When you reach a picture, pass over it; otherwise repeat the listing word for word.

── EXERCISE DATA ──

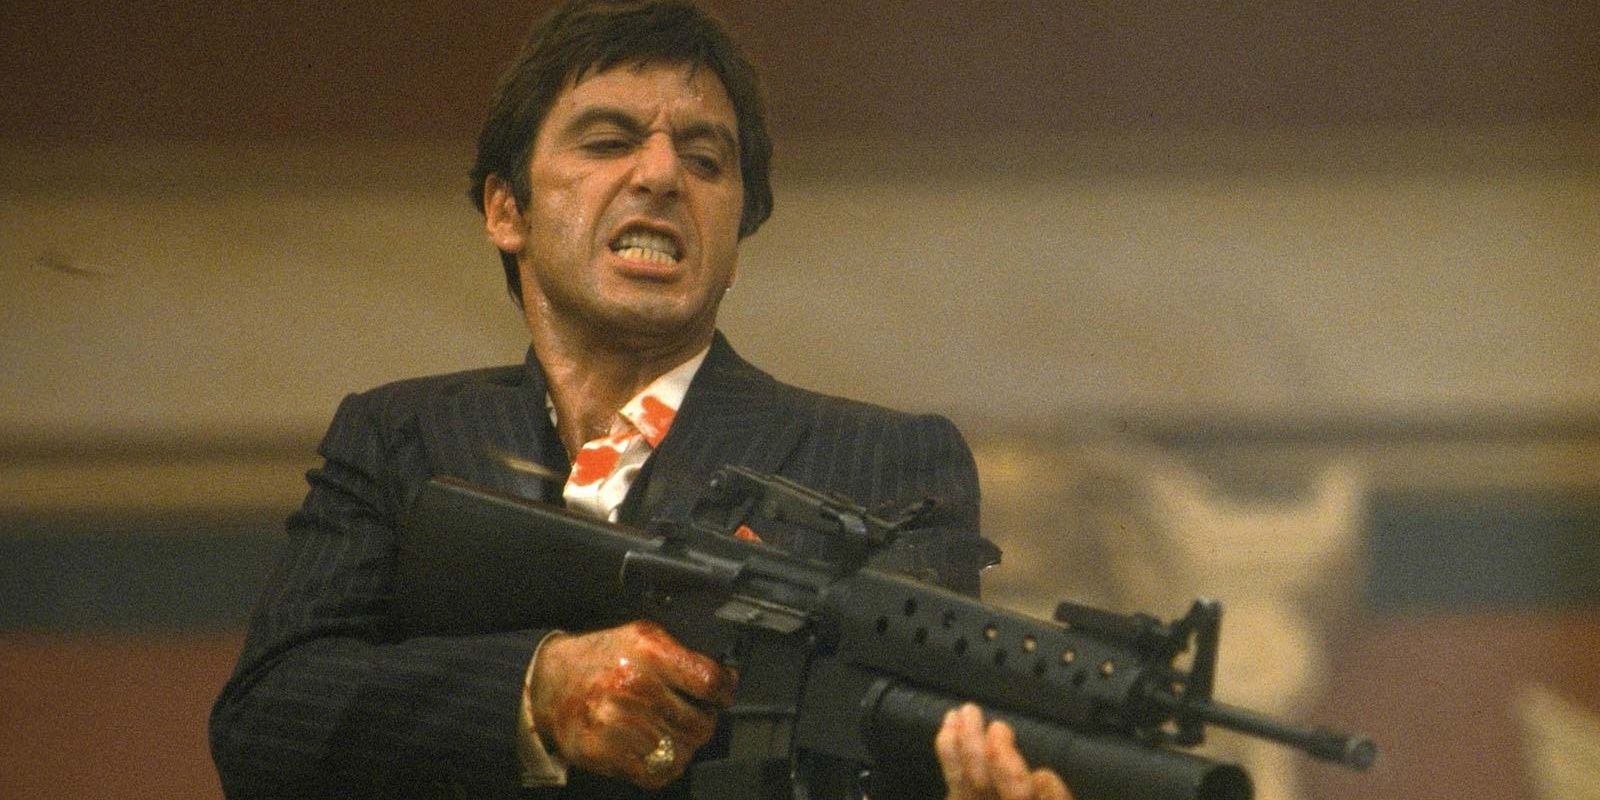 10 Gangster Movies Ranked From Glamorous To Brutal
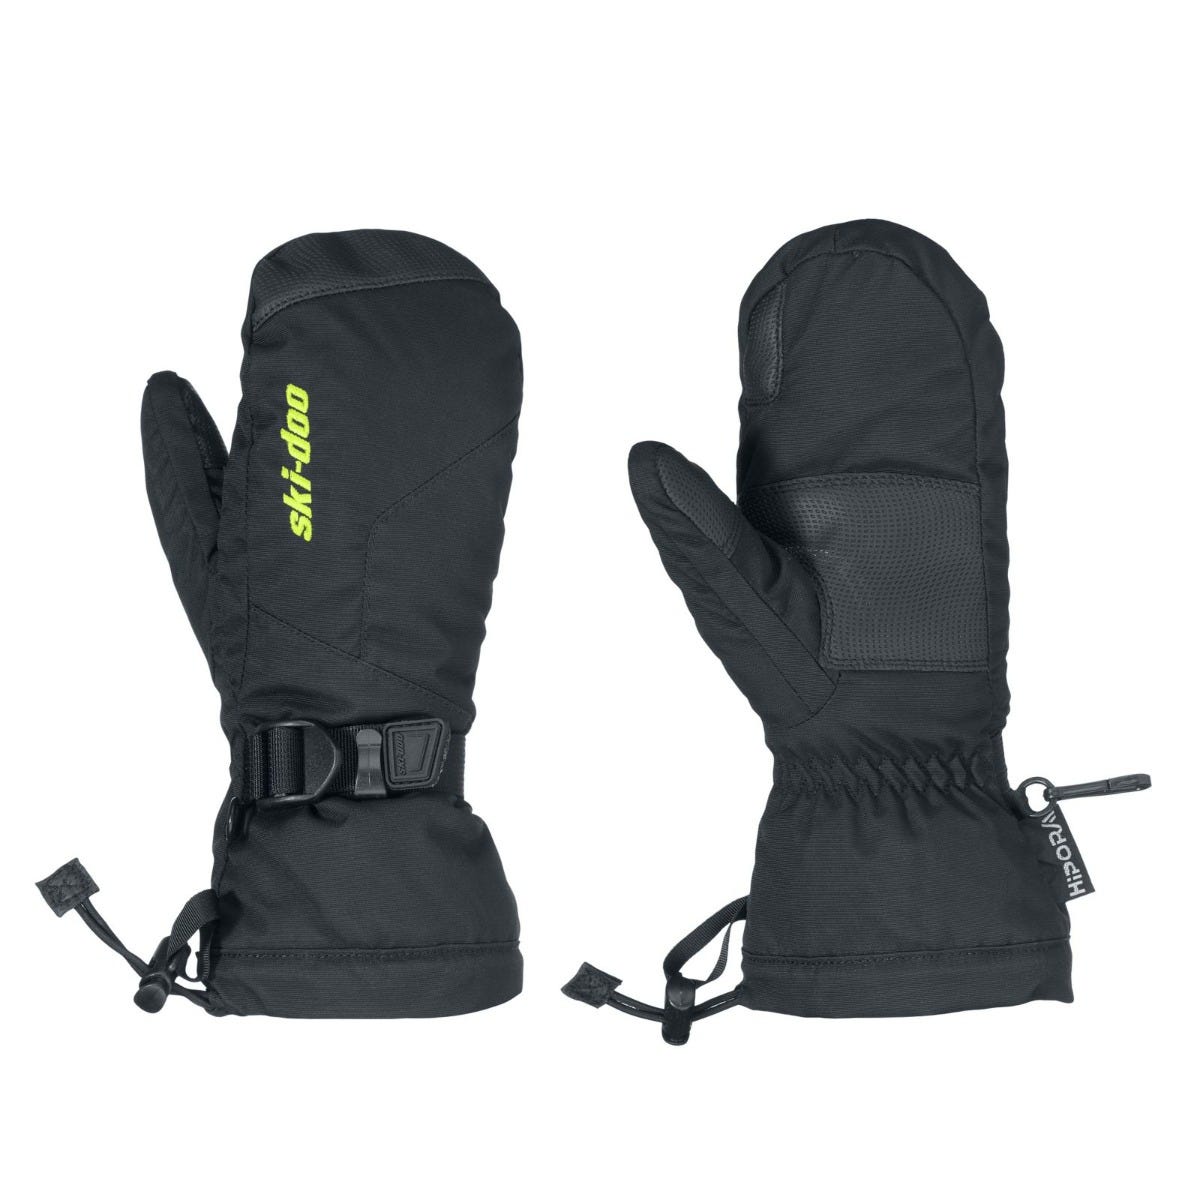 Ski-Doo Youth Particle Mitts
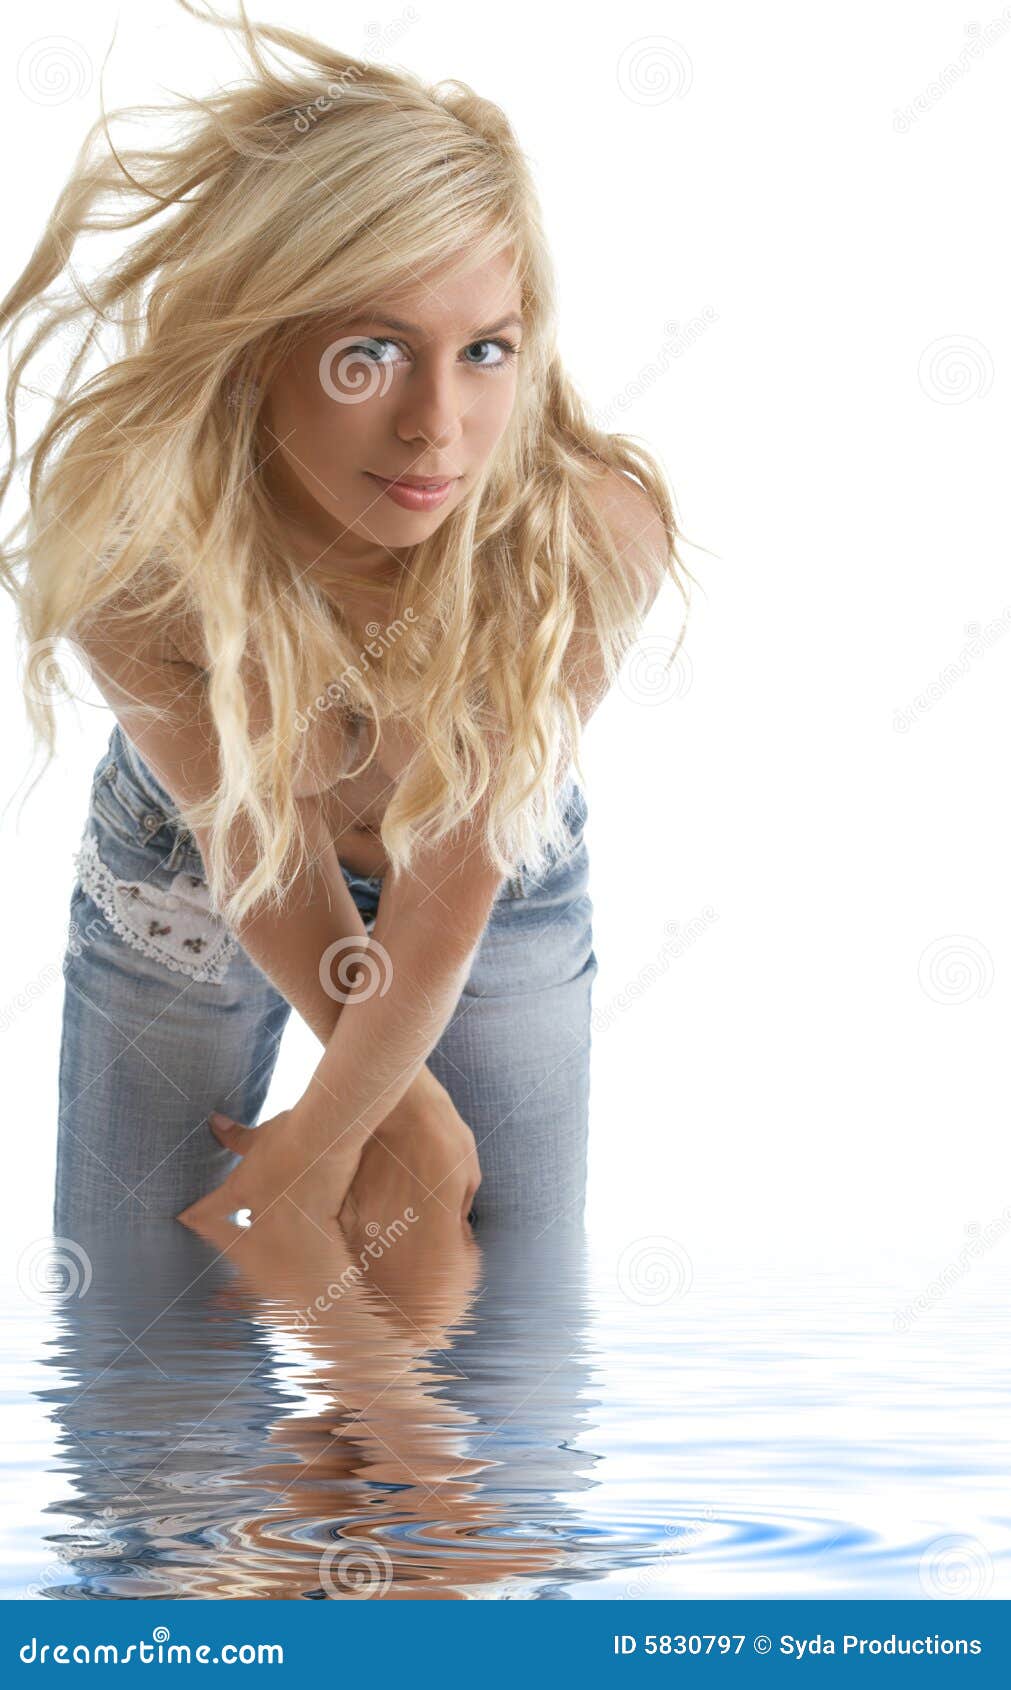 Blondes In Jeans
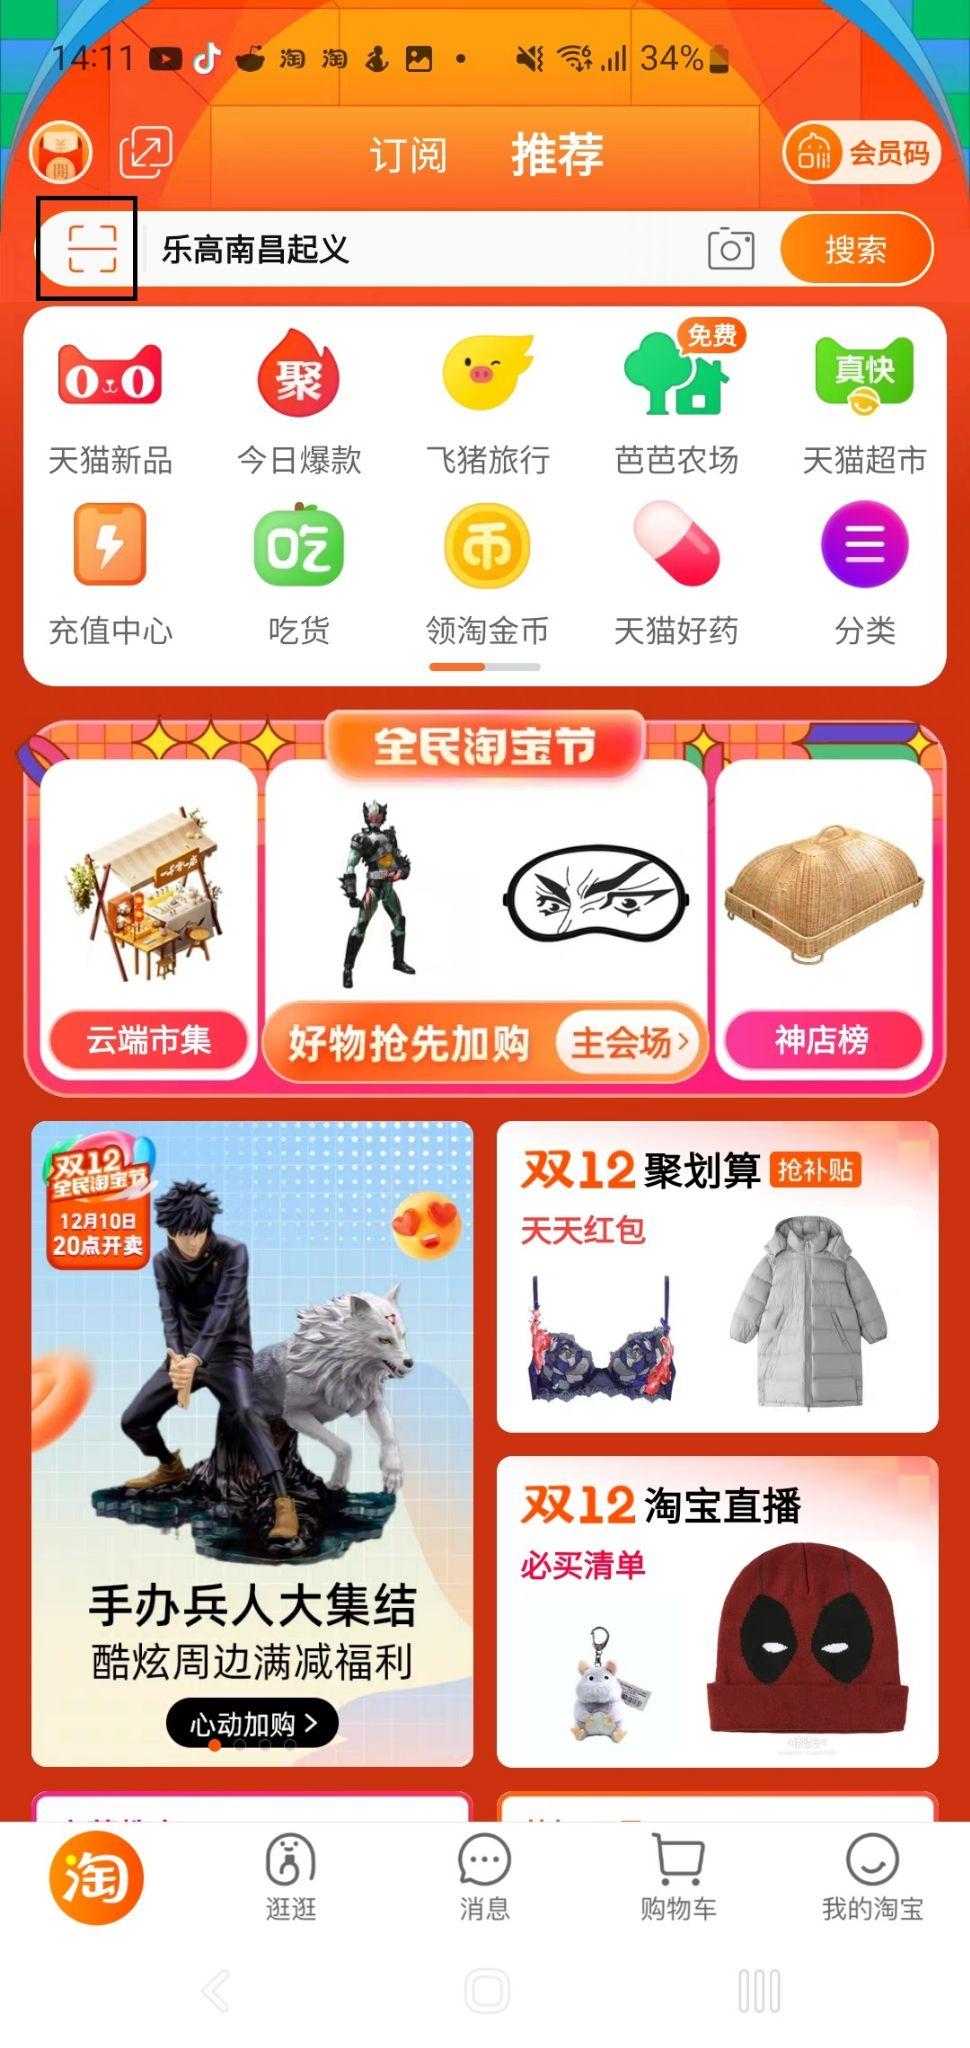 Visit recommended stores to collect Taobao coins

───

> ANSWER TO THIS TASK
 10 Gangster Movies Ranked From Glamorous To Brutal
 Ski-Doo Youth Particle Mitts
 Blondes In Jeans
 Visit recommended stores to collect Taobao coins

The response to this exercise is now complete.